European Communities

European Union

==Key events==
- 1948 – Treaty of Brussels establishing the Western Union;
- 1948 – Formation of the International Authority for the Ruhr
- 1949 – Treaty of London establishing the Council of Europe
- 1950 – Schuman Declaration proposes pooling French and German markets for coal and steel
- 1951 – Treaty of Paris creates the European Coal and Steel Community (ECSC)
- 1954 – Paris Agreements; Western Union transformed into Western European Union
- 1957 – Treaty of Rome creates European Economic Community (by "The Six": Belgium, France, Italy, Luxembourg, the Netherlands and West Germany)
- 1963 – Ankara Agreement initiated a three-step process toward creating a Customs Union which would help secure Turkey's full membership in the EEC.
- 1963 – Charles de Gaulle vetoes UK entry
- 1967 – ECSC, EEC and Euratom merged
- 1973 – Accession of Denmark, Ireland and the UK
- 1979 – First direct elections to Parliament
- 1981 – Accession of Greece
- 1985 – Delors Commission, Greenland leaves Community.

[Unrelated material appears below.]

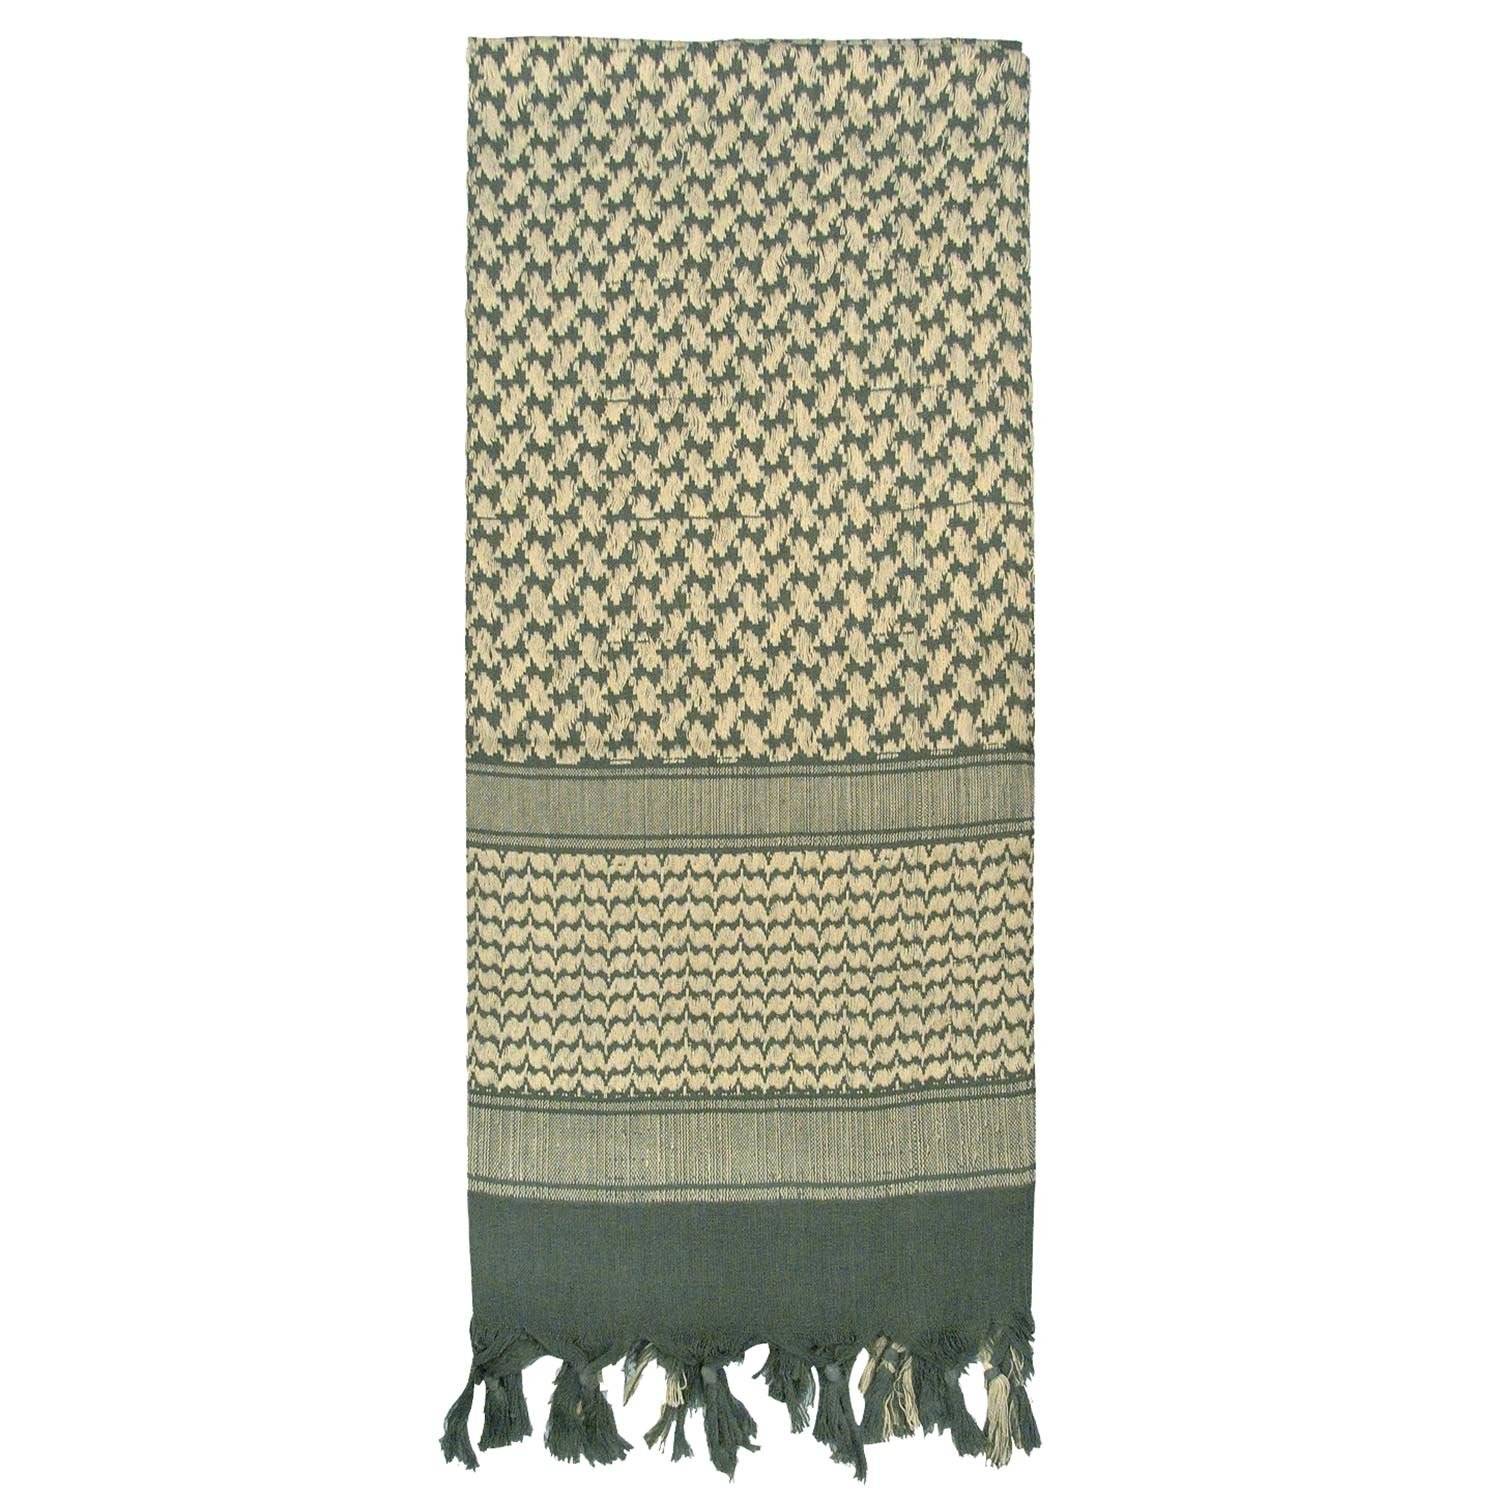 Rothco Deluxe Shemagh Scarf

- 1986 – Single European Act; Accession of Portugal and Spain; flag adopted
- 1987 – Turkey has applied to join the membership.
- 1989 – The fall of the Iron Curtain in Eastern Europe
- 1992 – Maastricht Treaty formally called the Treaty on European Union - The European Union is born and Euro was introduced as the fellow currency (Denmark and the UK are not included in the EMU (European Monetary Union)).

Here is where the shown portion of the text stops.